Mike DeWine Posts Holocaust Ceremony, Silent on Nazi Protest of Drag Brunch

Social media users assailed Ohio Governor Mike DeWine after he tweeted on Monday about an annual Holocaust commemoration while remaining silent on the Nazi extremist group that protested a drag charity brunch in Columbus on Saturday.

The annual Drag Brunch, sponsored by Land-Grant Brewing Company, was raising money for Kaleidoscope Youth Center (KYC), an organization that supports LGBTQ+ youth in Ohio. About halfway through the event, a group of masked protesters clad in black and red disrupted the brunch as they waved a flag bearing a swastika and chanted racial epithets, homophobic and transphobic slurs.

Videos of the protest went viral on social media, raking in thousands of likes, comments and shares. The clips show a dozen or so protesters, apparently called Blood Tribe, exhibiting Nazi symbols and gestures. The group left without incident after roughly 30 minutes, according to social media posts.

About 500 people pre-registered to attend the charity brunch, which raised $5,000 for KYC plus an additional outpouring of support since videos of the protest went viral over the past several days, Jennifer Kuhn, KYC director of community partnerships and external relations, told Newsweek in an email.

The drag brunch protest in Columbus is an example of the hate the LGBTQ+ community faces and continues to overcome, Kuhn said.

"There were maybe 20 or so Nazis that showed up, yet hundreds attended the fundraiser," Kuhn added to Newsweek. "Our love and support together is greater than their hate."

KYC slammed DeWine and the Ohio legislature in a statement, while also spotlighting the "hatred, bigotry faced by LGBTQ+ young people every day."

KYC says state lawmakers are circulating "harmful and blatantly discriminatory legislation," which, the youth advocacy group says, "has the intent to ultimately eradicate our community, with a particularly cruel fixation on transgender and non-binary identities."

Ohio is one of nearly two dozen GOP-led states pushing legislation targeting gender-affirming care and other rights of the transgender community.

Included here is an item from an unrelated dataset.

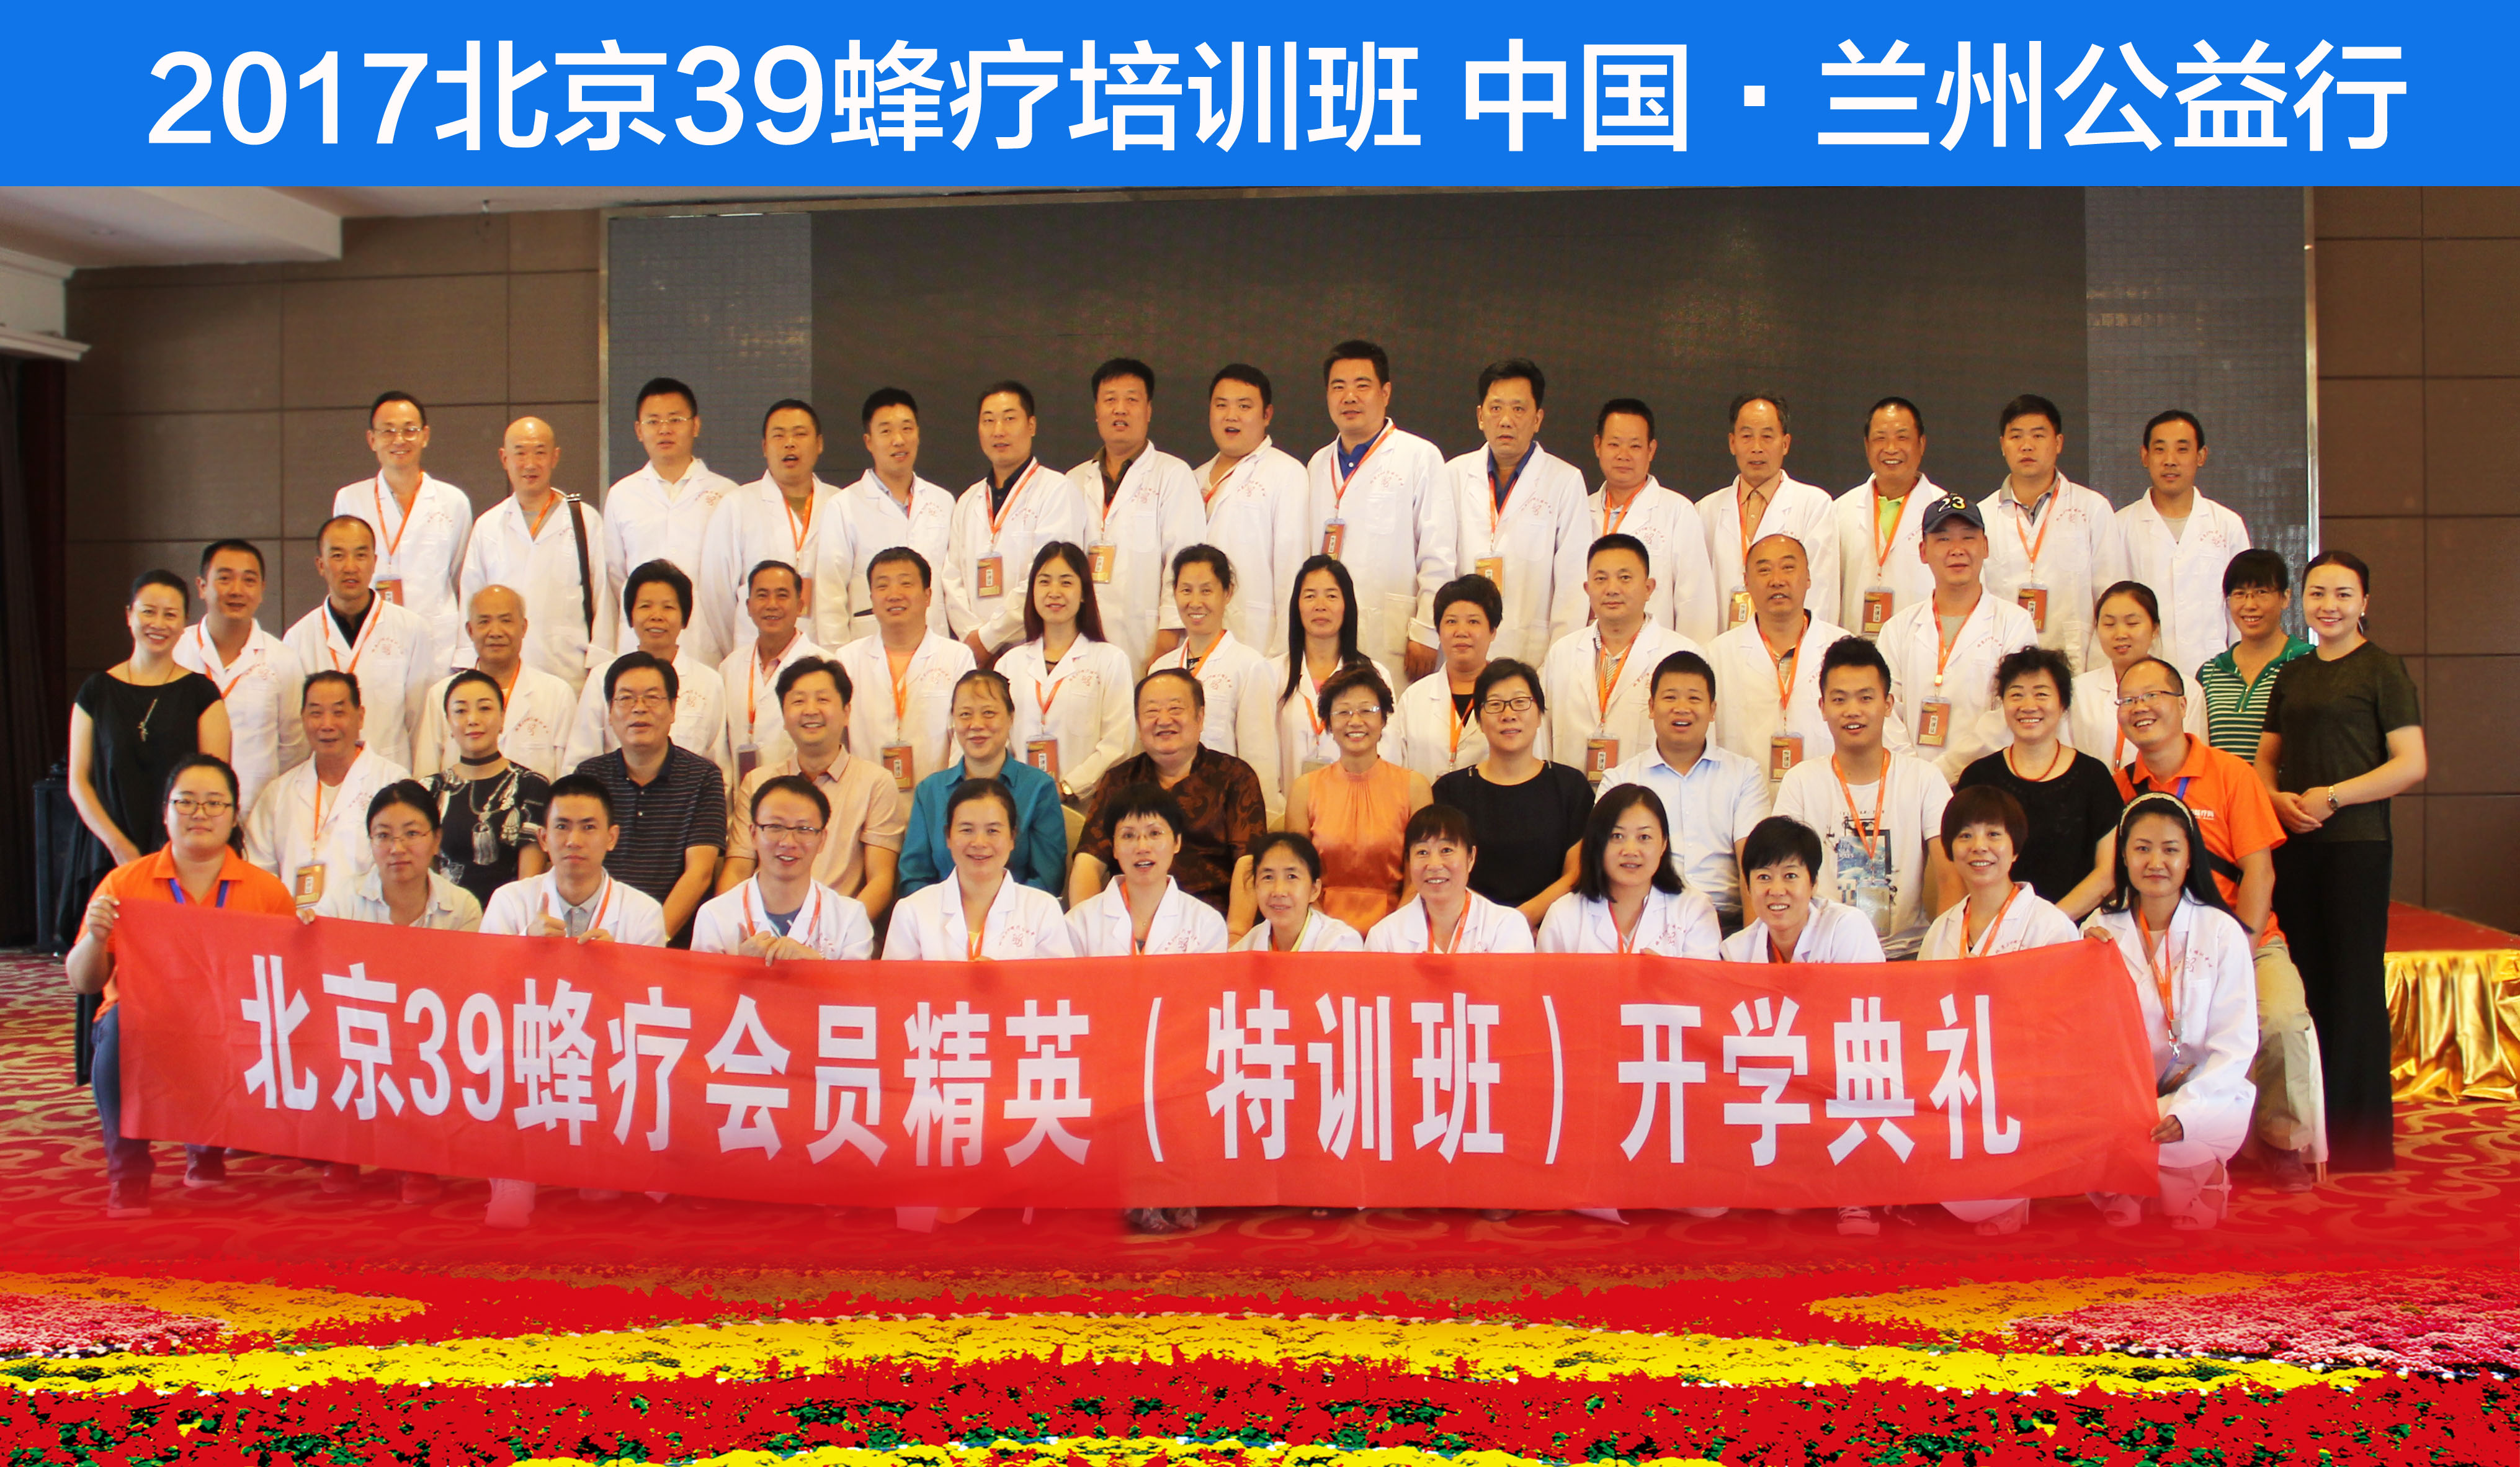 2017北京39蜂疗培训班 中国·兰州公益行

According to the American Civil Liberties Union (ACLU), at least 469 bills targeting LGBTQ+ rights have been introduced in current legislative sessions.

Newsweek has reached out via email to representatives for DeWine for comment.

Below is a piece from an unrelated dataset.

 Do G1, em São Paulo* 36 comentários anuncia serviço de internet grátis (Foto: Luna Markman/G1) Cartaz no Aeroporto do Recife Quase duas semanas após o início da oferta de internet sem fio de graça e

Ohio Gov. Shares Holocaust Video, Silent onNaziProtests
Ohio Governor Mike DeWine speaks at a campaign stop at The Mandalay event center on November 4, 2022, in Moraine. Social media users slammed DeWine after he tweeted about an annual Holocaust remembrance but remained... Drew Angerer/Getty

DeWine was slammed on Twitter Monday for not condemning the masked Nazi group after he tweeted about the annual Ohio Governor's Holocaust Commemoration.

"Last week, we held the 43rd-annual Ohio Governor's Holocaust Commemoration," DeWine said in the tweet, which also contained a video clip from the event. "Each year, we gather to reflect on history and remember the victims and survivors of the atrocities committed by the Nazi regime in the years leading up to, and during, World War II."

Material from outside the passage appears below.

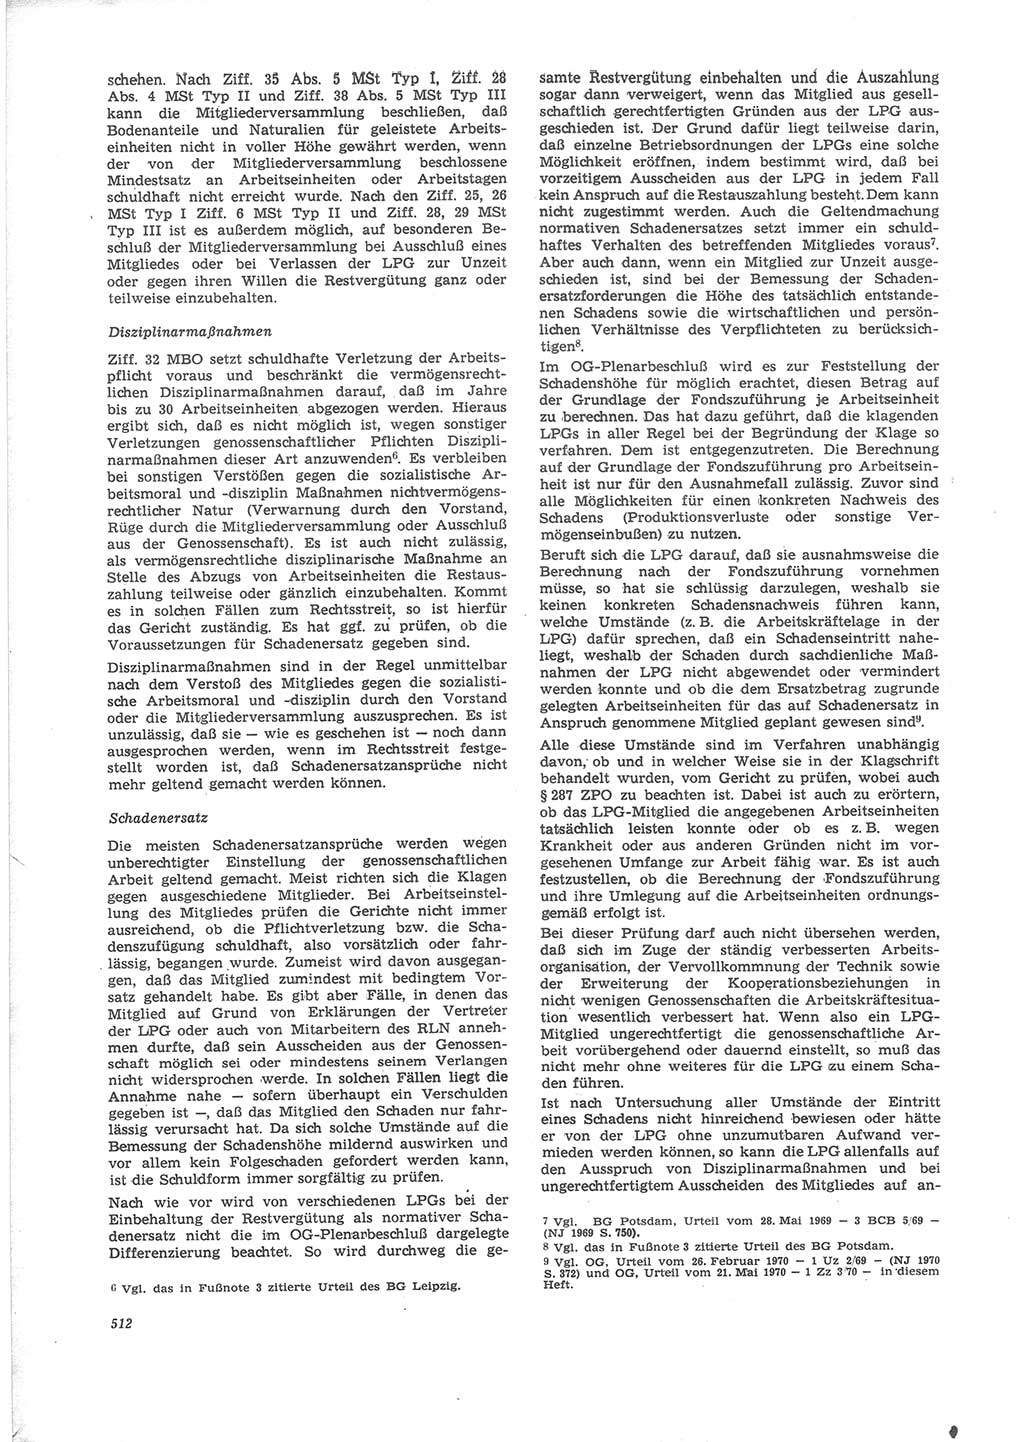 Neue Justiz (NJ), Zeitschrift für Recht und Rechtswissenschaft [Deutsche Demokratische Republik (DDR)], 24. Jahrgang 1970, Seite 512 (NJ DDR 1970, S. 512)

Many Twitter users who replied to DeWine's tweet questioned why the governor has yet to comment on the Nazi protest.

"While this annual commemoration is important, equally if not more important is the demonstration of hate this past weekend at the same capitol [sic] site," one Twitter user said in response to DeWine's tweet. "Why are you not denouncing the masked hate group? People believe others' actions far more than their words."

Despite his silence on Saturday's protest, DeWine has assailed antisemitism that was displayed at his rallies in Ohio.

"I think everyone has an obligation to denounce it," he said during a press conference in 2020, according to local media outlet WKYC. "If they're carrying anti-Mike DeWine signs, they've got a right to do that. But antisemitic signs? That's just wrong."

Columbus Mayor Andrew Ginther responded to the incident on Twitter in several posts Sunday afternoon, in which he thanked Columbus police for keeping the peace as well as the performers "for their courage and commitment to love and acceptance over divisiveness and hate."

"The vile and offensive out-of-state hate group who protested at a drag performance yesterday does not represent our community," Ginther said in another Sunday tweet. "While their 'speech' is protected by the Constitution, they do not have the right to threaten, intimidate or harm others."

Dozens of social media users railed against conservative lawmakers over the wave of anti-LGBTQ+ bills popping up in red states.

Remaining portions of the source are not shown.